When it comes to hours worked per week in business, particularly overtime, the BCEA is precise – the maximum normal working time allowed is 45 hours per week, any overtime is voluntary and may only be worked in agreement between employer and employee.
Nicol Myburgh, head of HR business unit at CRS Technologies, an HR and HCM specialist services provider, offers a broad perspective on the matter and the company’s view, which, as he explains, is only a guideline.
Myburgh says there are terms and conditions that have to be taken into consideration – including the fact that the above regulation excludes lunch breaks. “Lunch breaks are, by law, not defined as working time and will therefore be unpaid,” and does not mean the employee must work 45 hours per week normal time.
“The normal working hours are determined by mutual agreement between employee and employer, in this aspect the act only provides the maximum limit of 45 hours, and does not mean the employee MUST work 45 hours per week normal time. The statutory limitation of 45 hours per week means that the employee may not work more than 45 hours per week normal time,” says Myburgh.

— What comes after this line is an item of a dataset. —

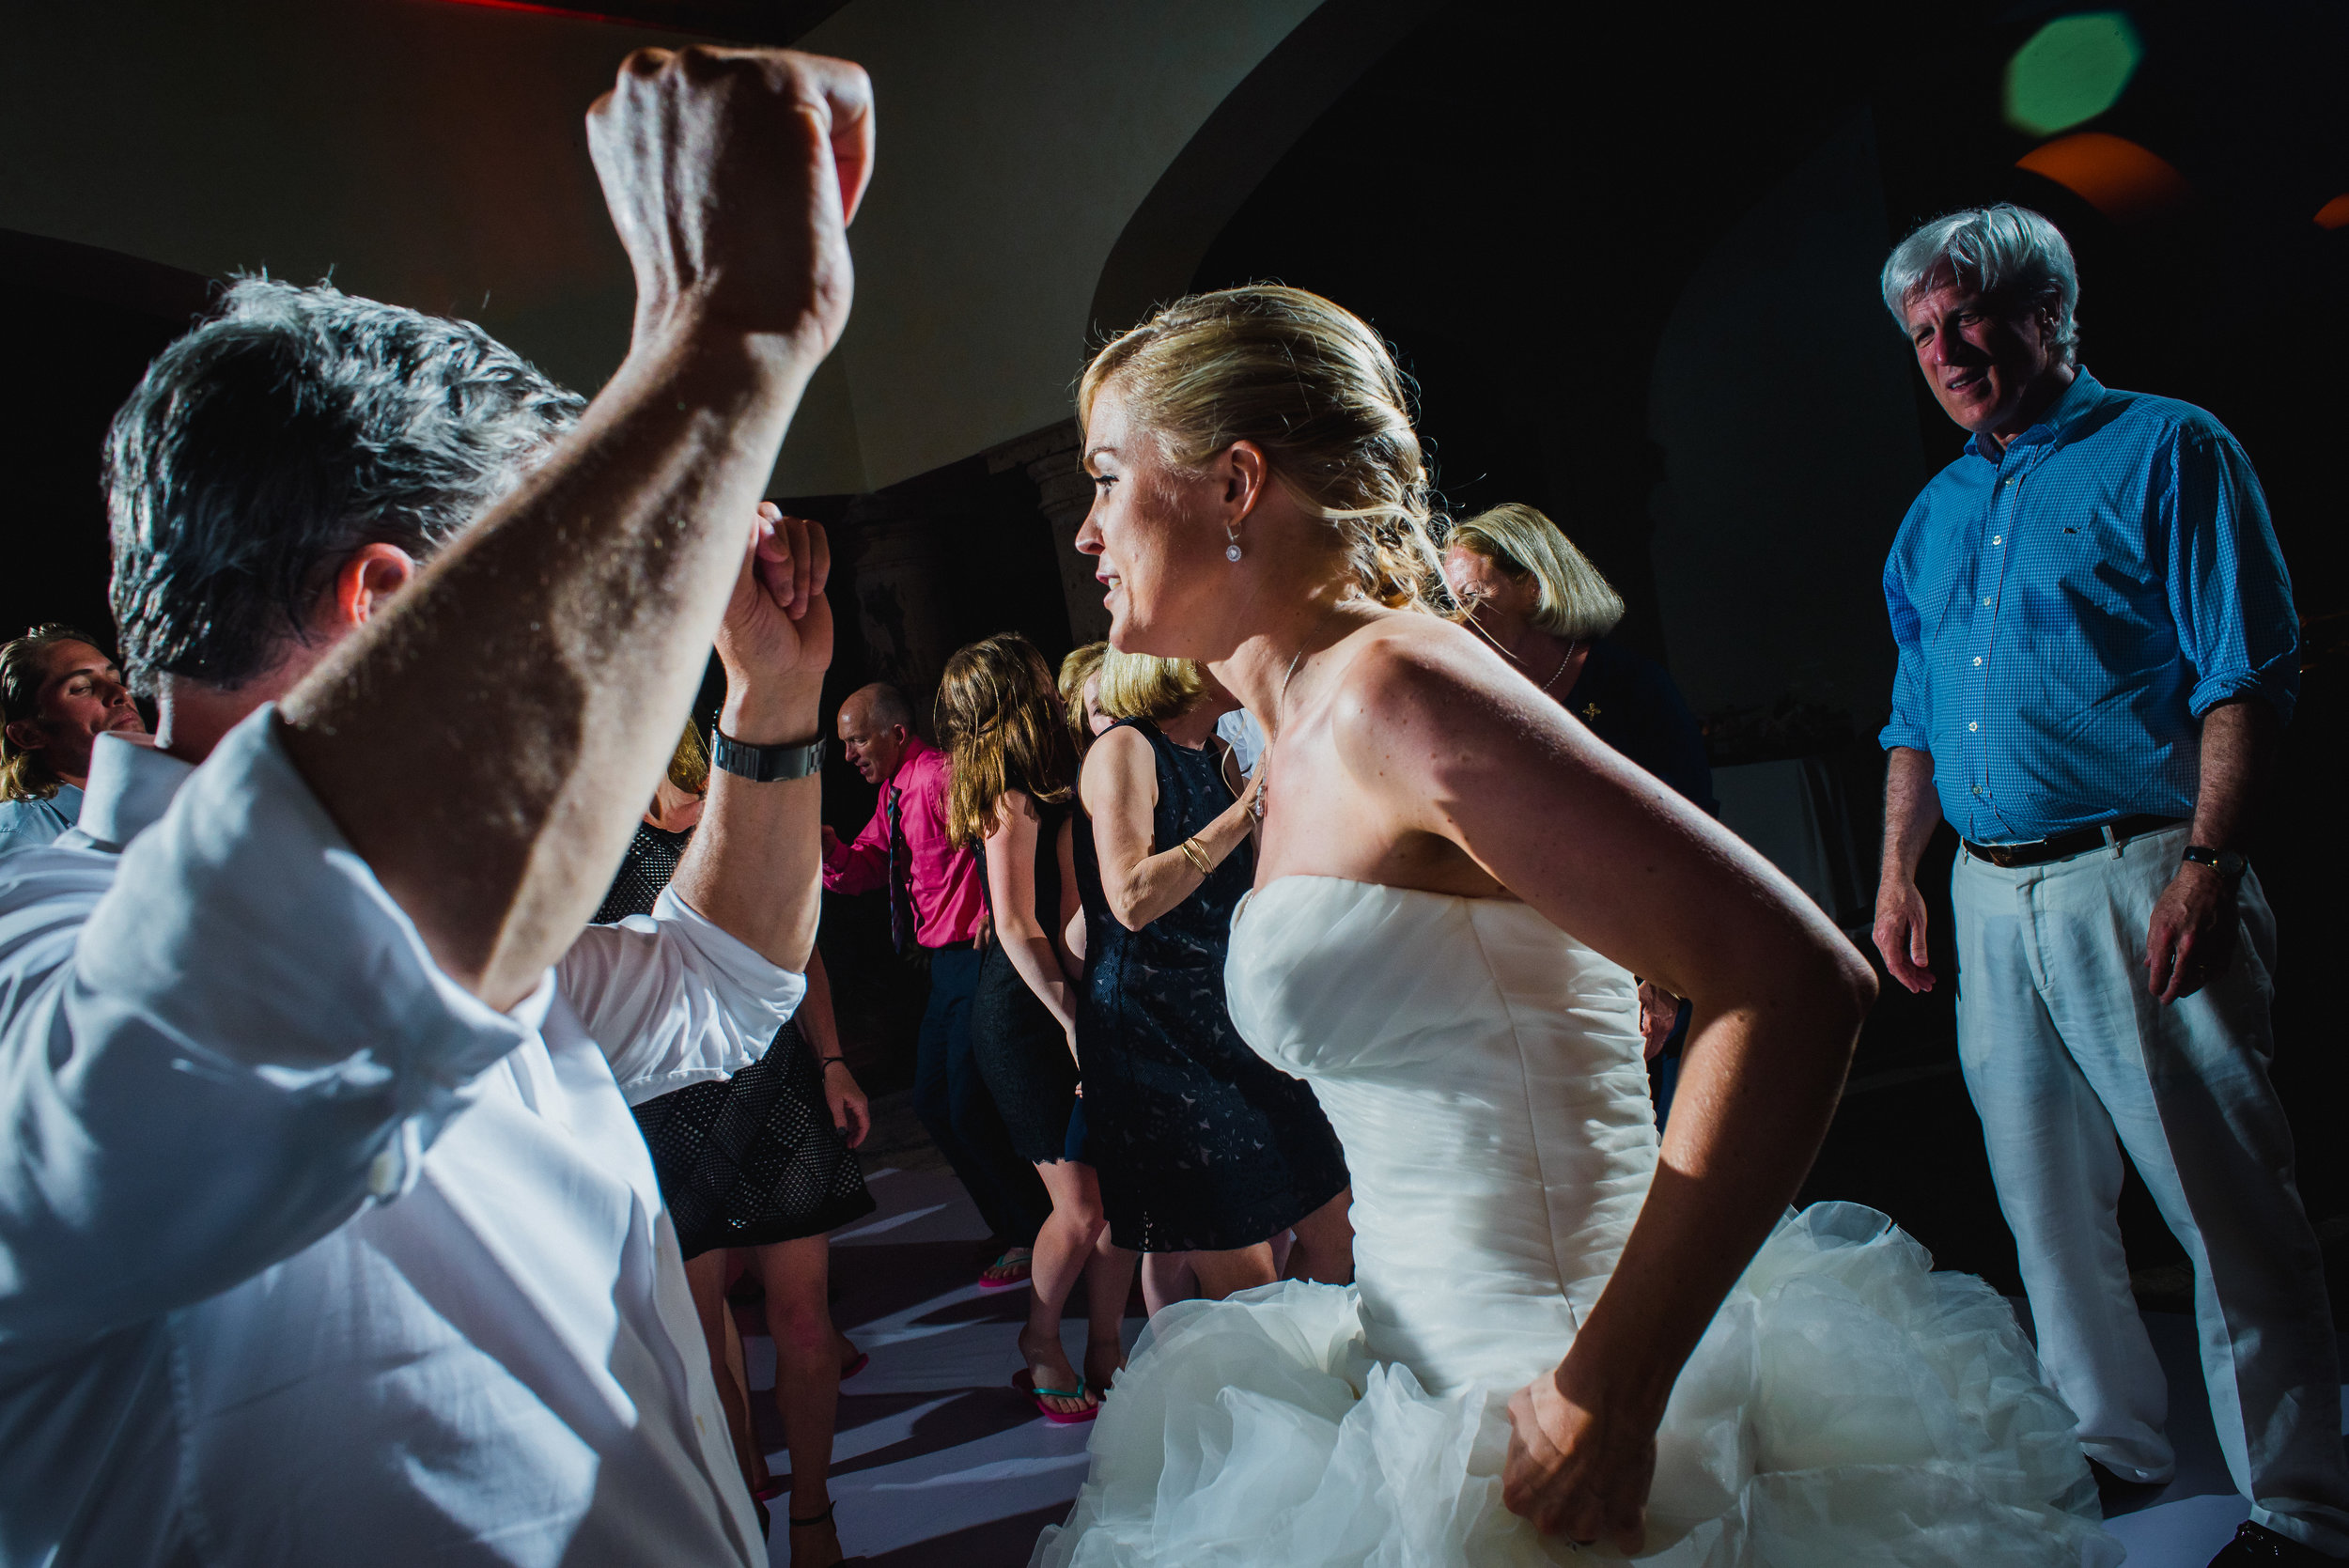 Cabo-destination-weddings-63.JPG

As CRS Technologies explains all overtime is voluntary and may only be worked by agreement between employer and employee.

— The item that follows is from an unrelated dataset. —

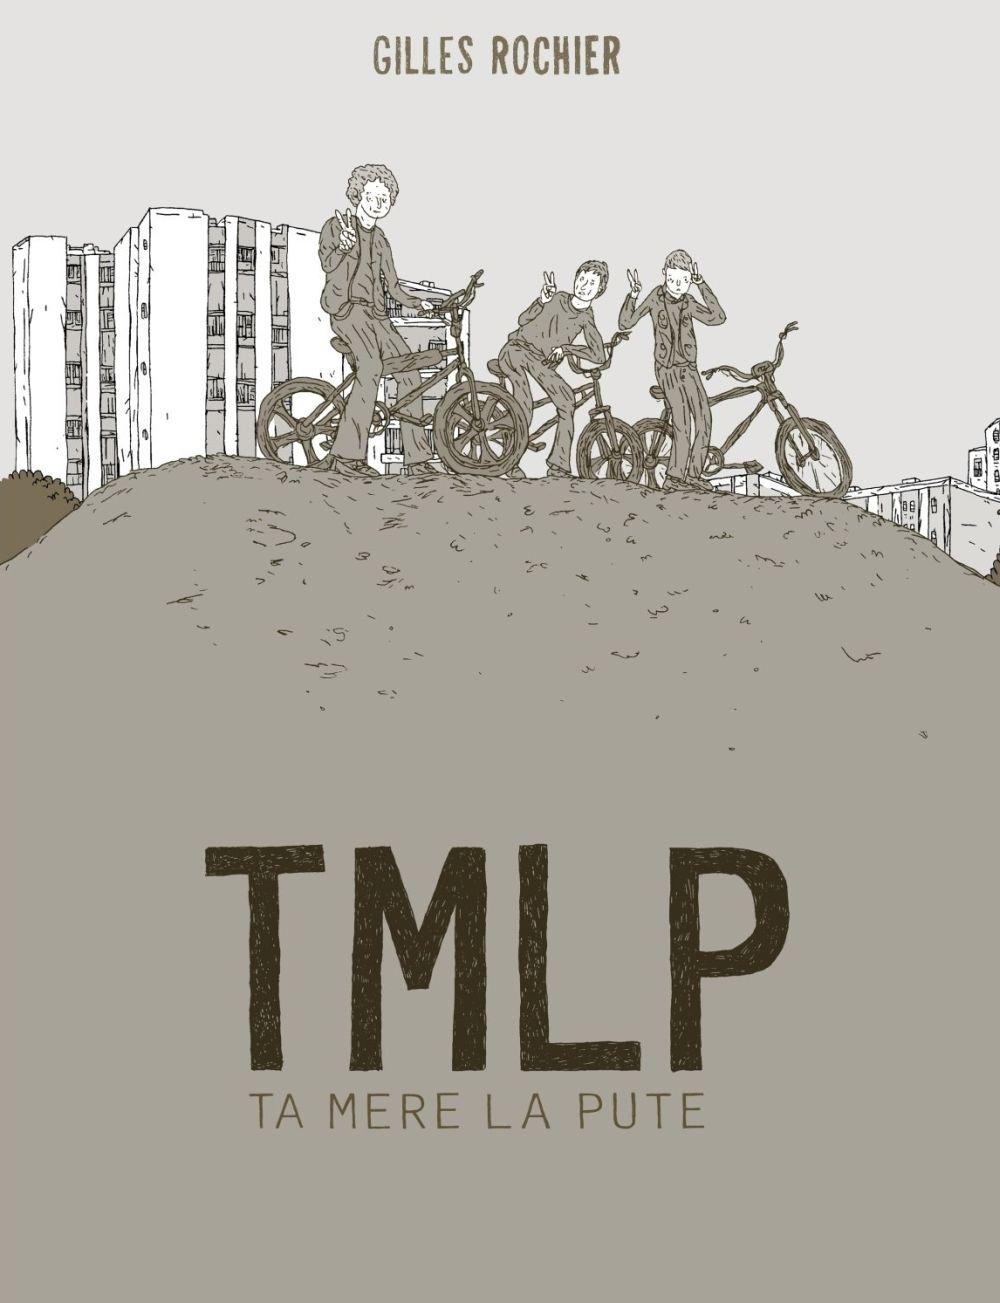 Gilles Rochier TMLP

Labour legislation is also clear on overtime, defined as time worked in excess of the normal working hours. “The maximum permissible overtime is three hours per day or 10 hours per week. The employee must be paid at one and a half times his/her normal wage rate except for Sunday work and work on public holidays, which must be paid at twice the normal wage rate. The employees aren’t necessarily paid for overtime, instead by mutual agreement, they can be granted time off in lieu of payment calculated by the same formula mentioned above,” Myburgh continues.

By mutual agreement
However, this segment of the law is only applicable to employees earning below the earnings threshold, as determined by the Minister, and is currently R205 433,30.
As CRS Technologies executives explain, overtime payment or time off in lieu thereof for employees earning above this threshold is not compulsory, but rather a mutual agreement between employer and employee.
Employees earning above the threshold for overtime who are not compensated by employers have the right to refuse to participate in overtime work.
While it is true that each industry has its own variations and is governed by specific dynamics, legislation regulating overtime is applicable irrespective.
“No employee may work more than 45 hours per week normal time and the no employee may work more than 10 hours per week overtime. However, while the BCEA sets the fundamental minimum rules, there are legislated variations based on sectoral or industry operational requirements. A sectoral determination, a Bargaining Council Main agreement or a union agreement, etc. may bring about variations on the conditions mentioned above since these documents are viewed as extensions of the act. These are known as delegated legislation,” says Myburgh.
CRS Technologies refers to the security industry as an example.
The company explains that Sectoral Determination 6: Private Security Sector, regulates among other conditions the maximum normal working hours to 48 hours per week for a security officer.
“And the Metal and Engineering Industries Bargaining Council regulates the conditions for employees operating in the industry, among other conditions the ordinary hours of work shall not exceed 40 in any one week for employees on day shift and/or night shift or employees working on the two and/or three-shift system,” Myburgh explains.
A further example is the retail industry, where overtime provisions allow for extended shopping hours.